▶ [Supplied material]
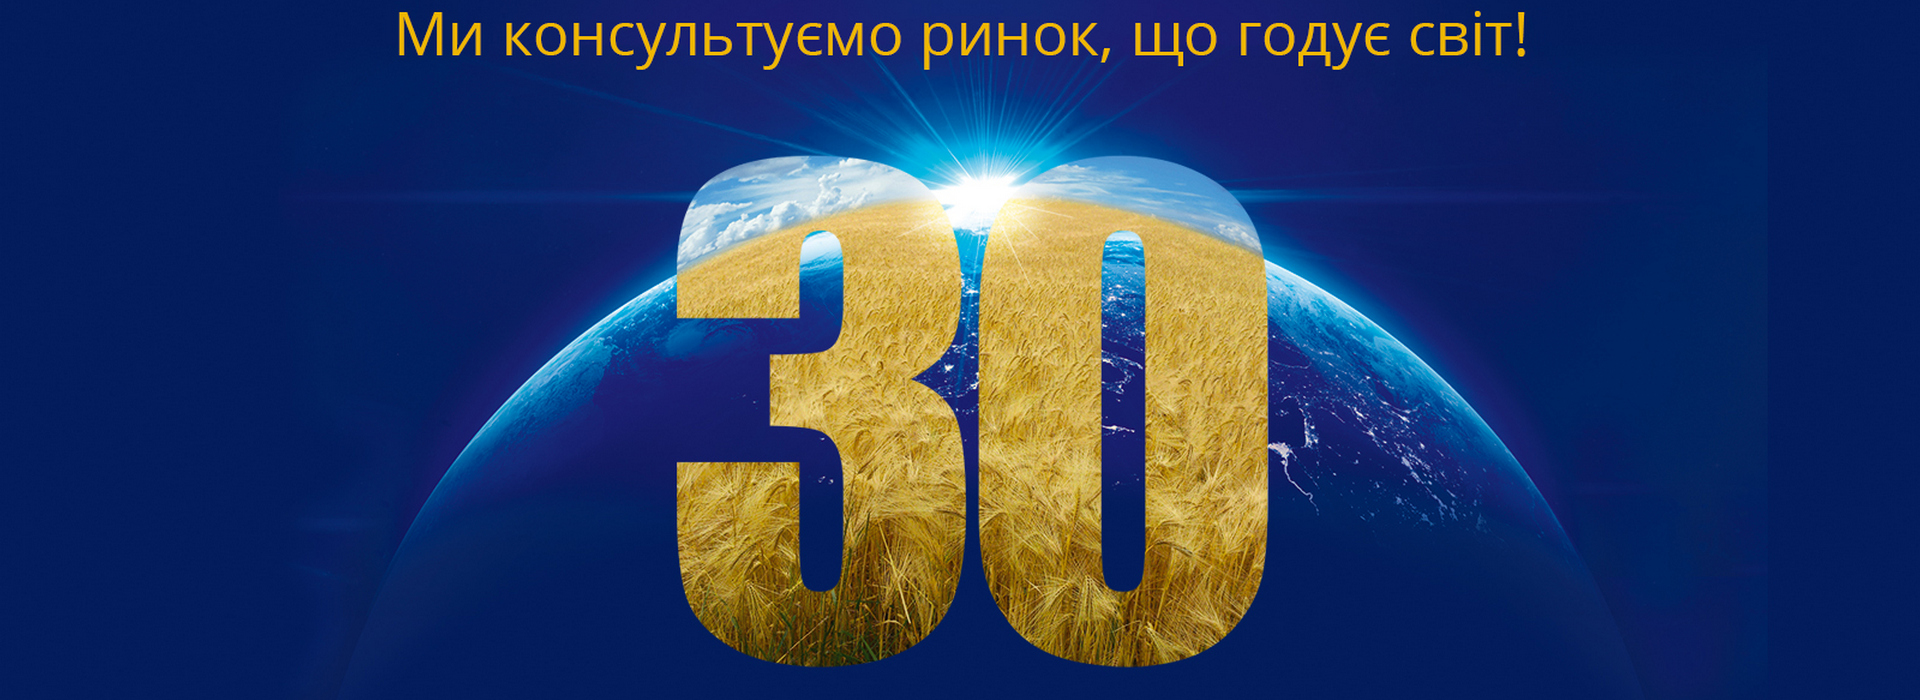 Цього року УкрАгроКонсалт відзначає важливу дату в своїй історії, а саме – 30-річчя компанії!
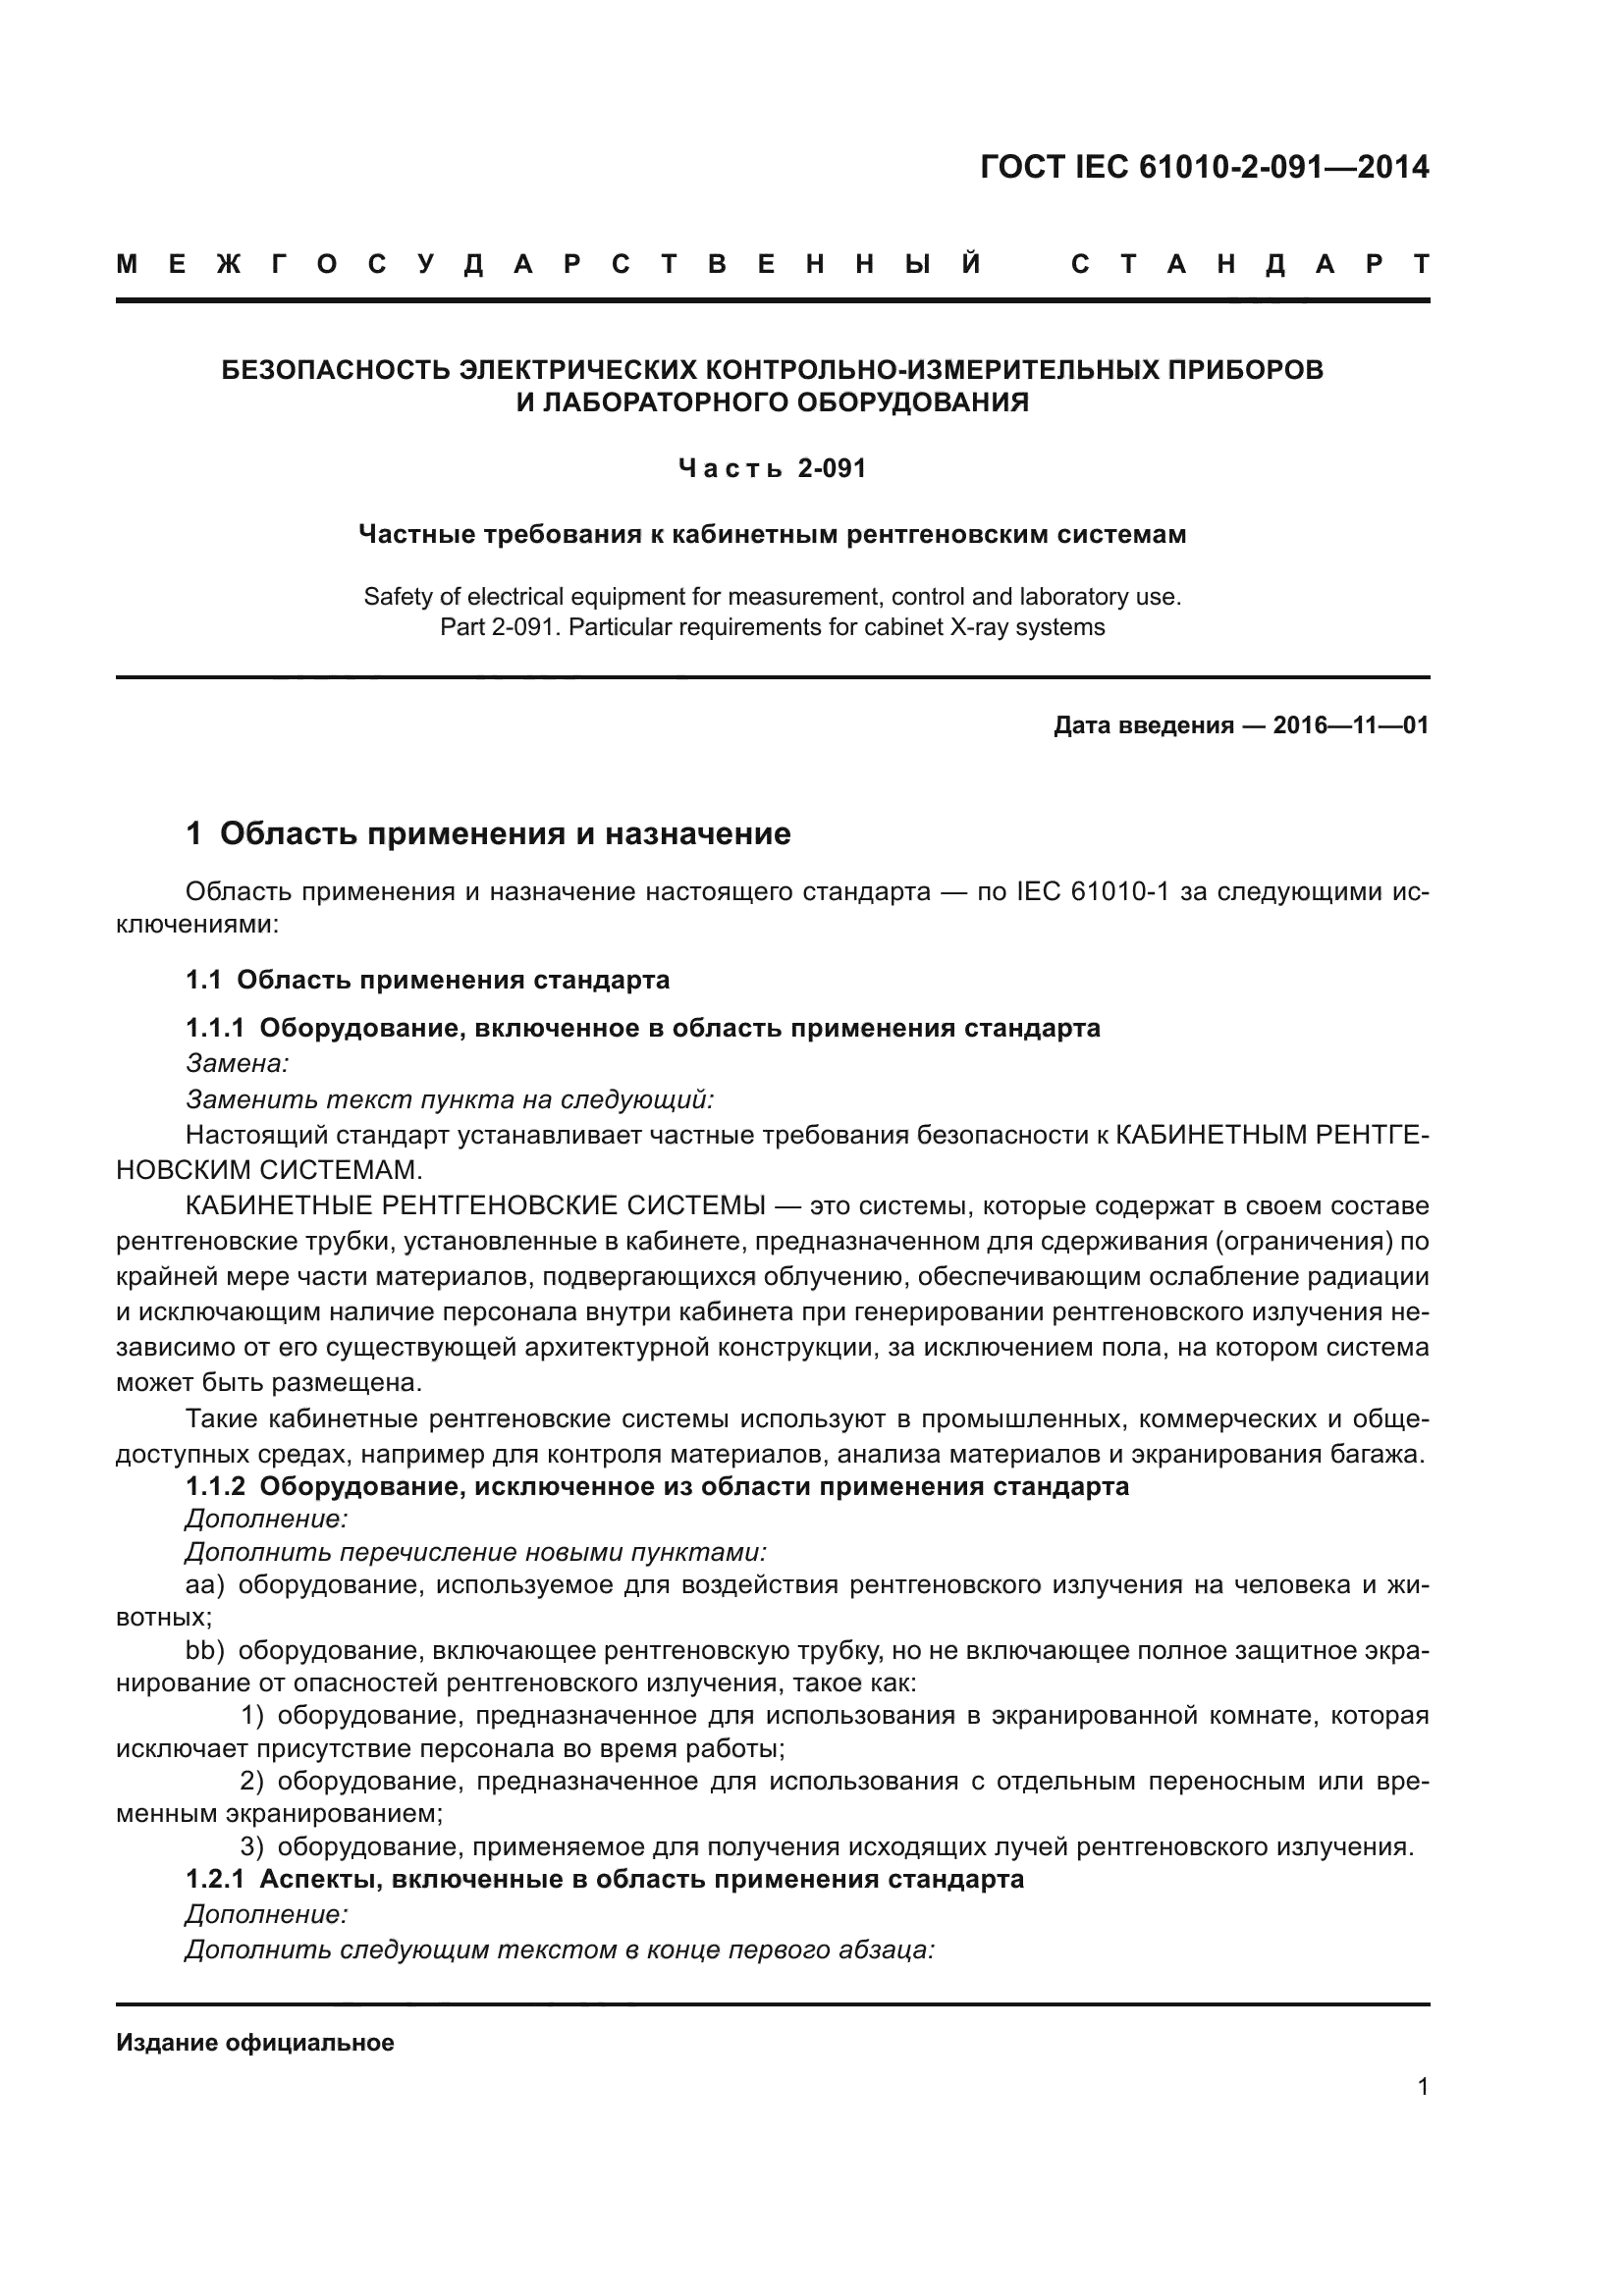 ГОСТ IEC 61010-2-091-2014
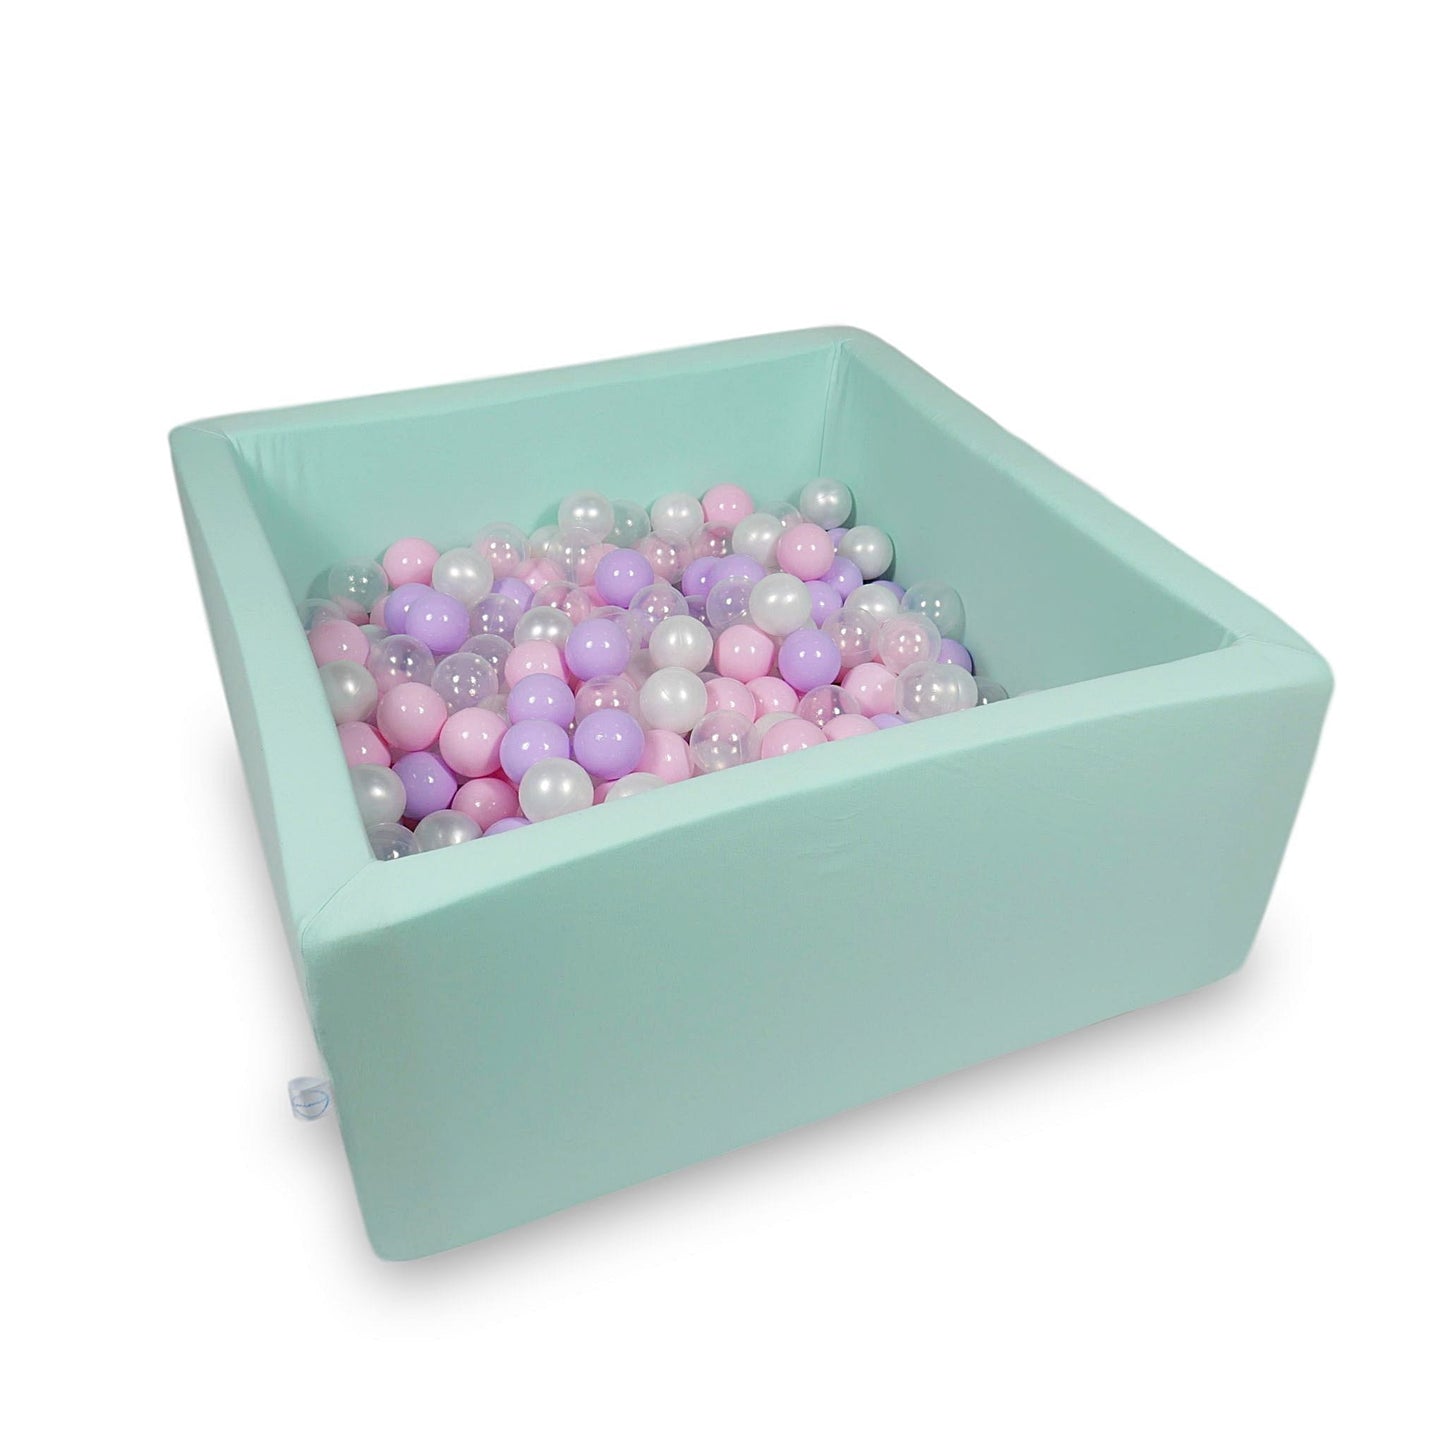 Piscine à Balles 90x90x40cm menthe avec balles 400pcs (rose clair, perle, transparent, bruyère)

▶ [Work to complete]
With the pictures omitted, print each line of the data above precisely as given.

▶ [Output]
 Цього року УкрАгроКонсалт відзначає важливу дату в своїй історії, а саме – 30-річчя компанії!
 ГОСТ IEC 61010-2-091-2014
 Piscine à Balles 90x90x40cm menthe avec balles 400pcs (rose clair, perle, transparent, bruyère)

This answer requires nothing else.